Whatever formal Japanese concessions emerge from negotiations, informal arrangements will spring up to preserve the status quo in every case. This will bring the United States back to square one, or to an even worse position, with increased American frustration and fresh evidence in the hands of Japanese nationalists that the United States is bent on "changing Japanese culture."


The ineffectual American approach toward Japan is based on a proliferation of illusions. Much comfort is derived from the belief that Japan and the United States are bound together by democratic values and common national objectives. This is correct in the sense that both countries believe in limiting arbitrary power, and that both believe in the benefits of the international free trade system.

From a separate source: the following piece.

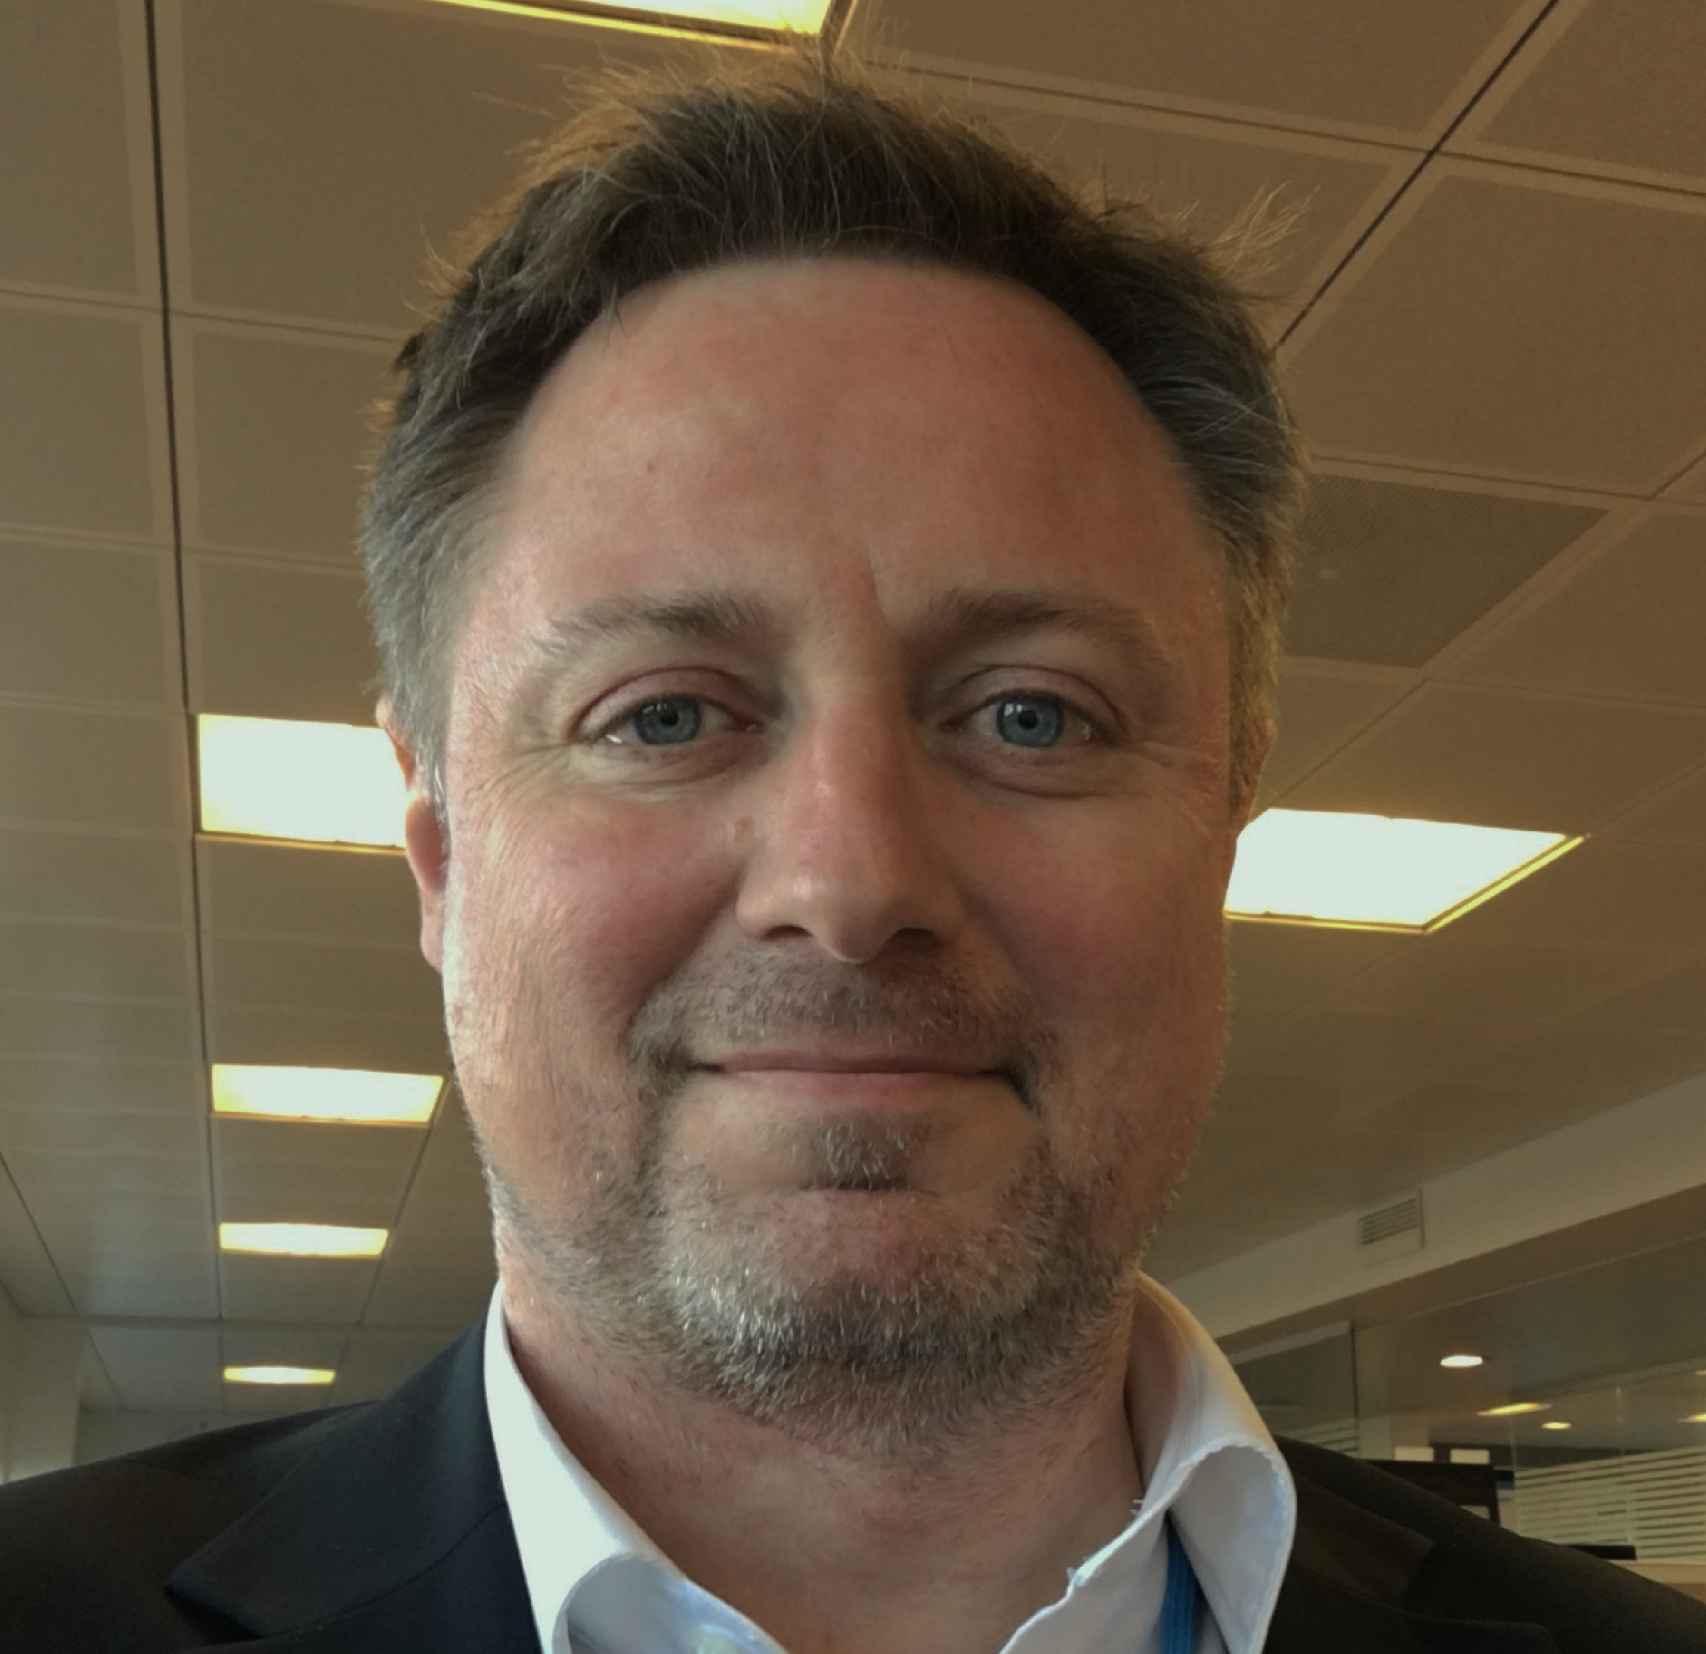 Flemming-Sørensen, nuevo vicepresidente de LevelTen

But regarding the substance of the curbs on power, and the way they ought to be applied, American thinking and that of the Japanese power elite have little in common. And the international free trade system is undermined by the very methods Japanese business interests use to help preserve the advantages of their controlled domestic economy.

The American-designed Japanese constitution does not define a political system in which laws prevail over authorities. Japan is ruled through highly informal structures of governance and bureaucratic authority, which dovetail with the so-called jinmyaku (personal network) relations and transactions, unregulated by law, among clusters of the elite. Control over a potentially very disorderly world is the essential goal of Japan's bureaucrats. Even judiciary bureaucrats will not leave it up to the courts to decide in matters that affect the political system. Elections in Japan do not help shape or change concrete policies.

In its economic objectives, the United States wants to convince the world of the virtues of the market as an instrument for deciding the most efficient allocation of resources, thereby achieving the greatest good for the greatest number. In Japan, the market plays an ordering role, but is ultimately not allowed to determine the course of economic processes. Indeed, Japan's powerholders would be horrified if they had to leave the future up to the market. Market forces are seen as useful instruments to influence desired outcomes, but never as ends in themselves.

American wishful thinking causes blindness to the fact that Japanese political and economic behavior is meant to accomplish aims that are fundamentally different from those assumed by the United States. When realization of this fact sets in among those who have not wanted to believe it, existing frustrations are likely to reach a critical point, leading even to conjecture that Japan is run by reprobates; the U.S.-Japanese relationship is ultimately most vulnerable to moral indignation.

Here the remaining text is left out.